On Mar 6, 1:17*am, Roger Sparks wrote:
On Wed, 5 Mar 2008 21:37:06 -0800 (PST)
[snip]
Thanks Keith. *I see what you are doing now, although I still don't understand your logic in faulting Cecil on the instantaneous values. *I agree with you that the instantaneous values can be tracked, but don't see a fault in Cecil's presentation. *

For the special situation described in
http://www.w5dxp.com/nointfr.htm
Cecil is attempting to show that the reflected energy is dissipated in
the source resistor.

The logic he employs is:
- before the reflection arrives back at the generator, the source
resistor
is dissipating X watts.
- the reflected wave has an energy flow of Y watts.
- after the reflection arrives back at the generator, the source
resistor
is dissipating Z watts.
- since Z is equal to X + Y, the energy in the reflected wave is being
dissipated in the source resistor.

In other words, since the dissipation in the source resistor increases
by the same amount as the power in the reflected wave, the energy in
the reflected wave must be being dissipated in the source resistor.

Cecil analyzes the circuit for a number of load resistances and
suggests
that the equality holds for any load resistance.

For example, with a load resistance of 12.5 ohms, the original
dissipation
in the source resistor is 50 W which increases to 68 W when the 18 W
reflected wave arrives back at the generator.

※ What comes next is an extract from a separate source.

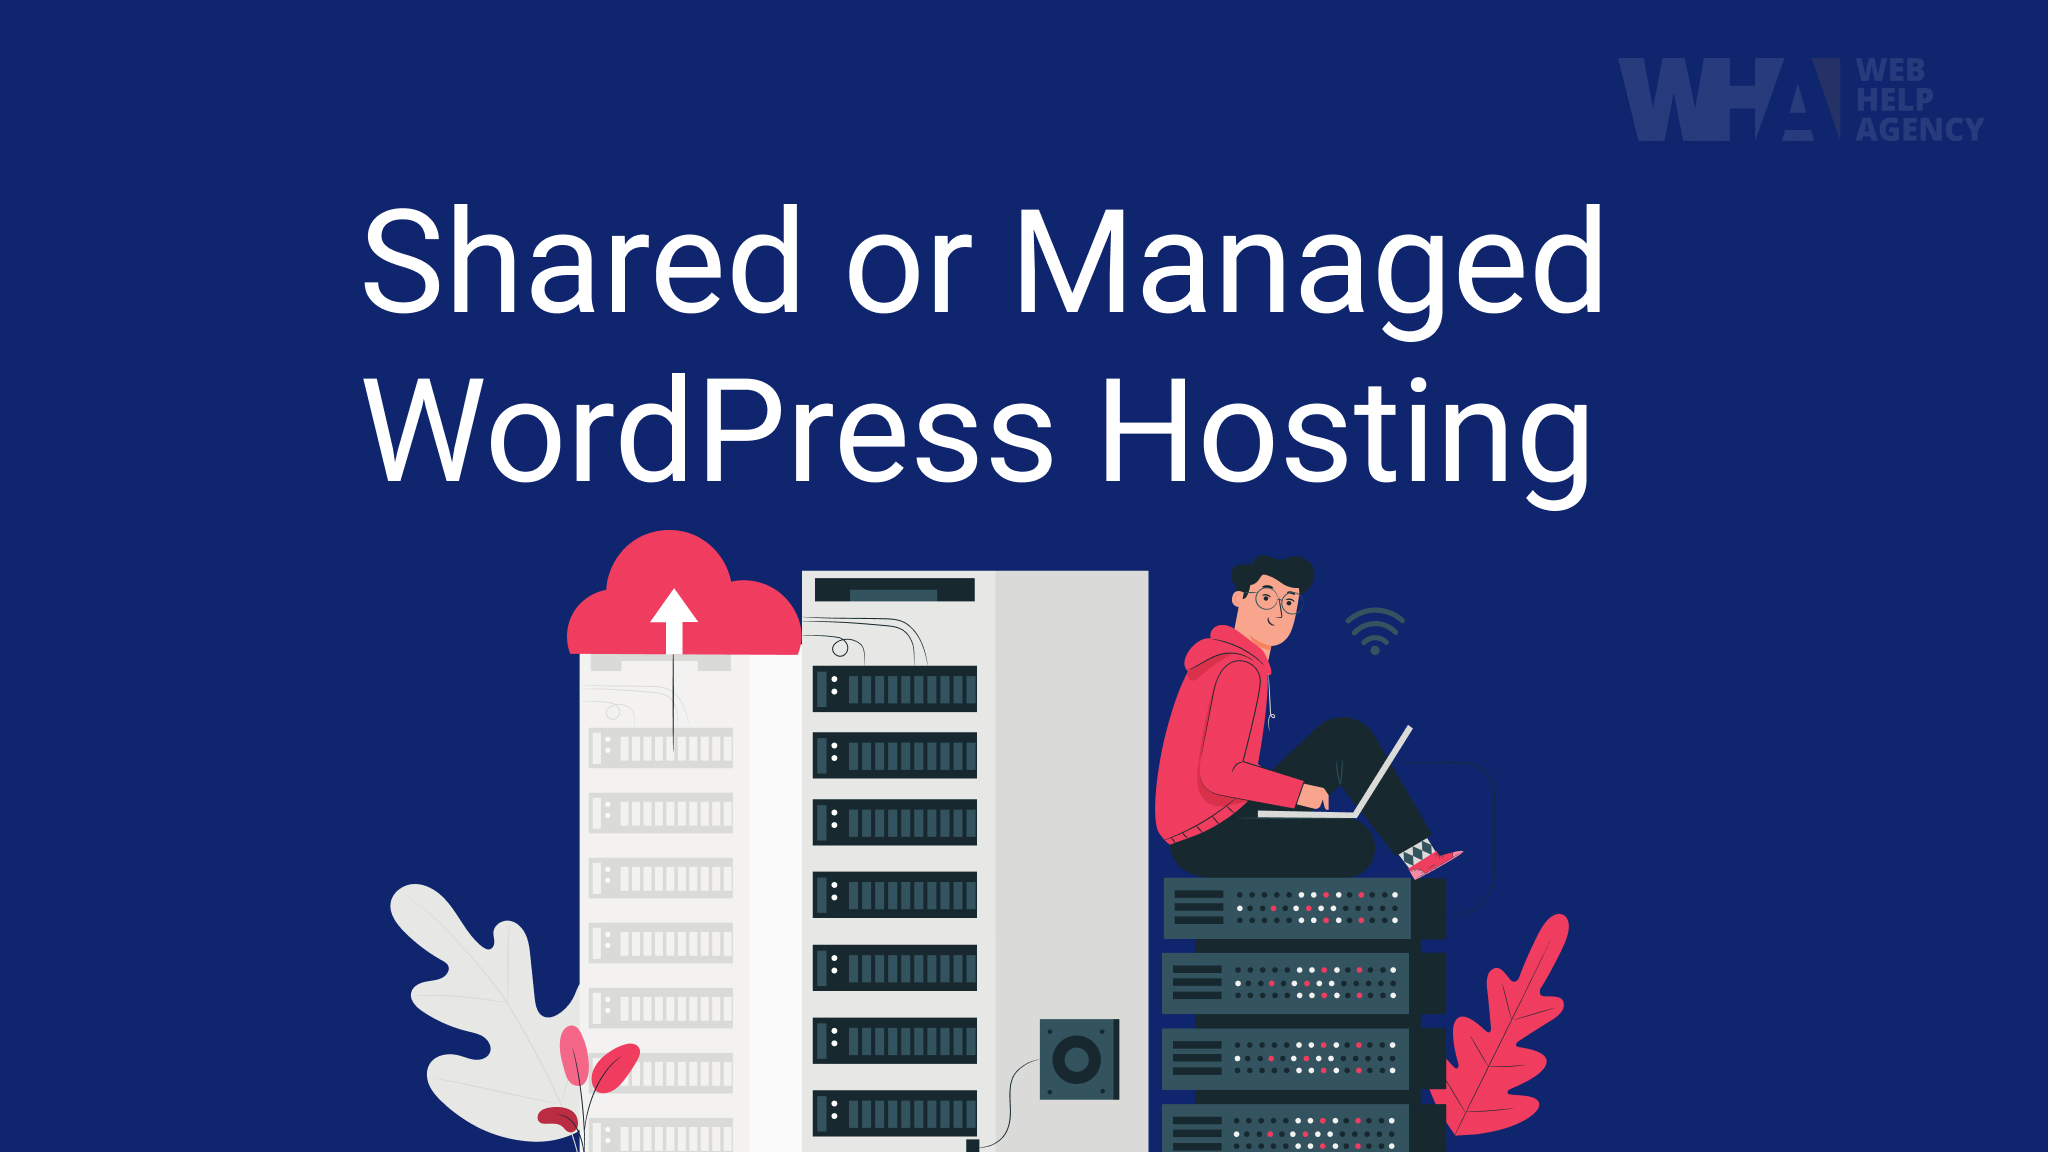 shared hosting versus managed hosting

That is, X = 50, Y = 18
and Z = 68, so Z is equal to X + Y.

Cecil does all of this analysis using average powers.

But we know that the power dissipation varies as a function of time
and
that the power in the reflected wave is a function of time. It is my
contention that if it is the energy in the reflected wave that is
increasing the dissipation in the source resistor, the dissipation in
source resistor should occur at the same time that the reflected wave
delivers the energy.

In other words, not only should Z.average = X.average + Y.average,
but Z.instantaneous should equal X.instantaneous + Y.instantaneous
for if the dissipation in the source resistor is not tracking the
energy in the reflected wave, it can not be the energy in the
reflected wave that is heating the resistor.

So using the same 12.5 ohm example,
X.inst = 50 + 50 cos(2wt)
Y.inst = 18 + 18 cos(2wt)
X.inst + Y.inst = 68 + 68 cos(2wt)
but
Z.inst = 68 + 68 cos(2wt - 61.9degrees)

So Z.inst is not equal to Y.inst + X.inst.

This means that the dissipation in the resistor is not happening
at the same time as the energy is being delivered by the reflected
wave, which must mean that it is not the energy from the reflected
wave that is heating the source resistor.

So while analyzing average power dissipations suggests that the
energy from the reflected wave is dissipated in the source resistor,
analysis of the instantaneous power shows that it is not.

...Keith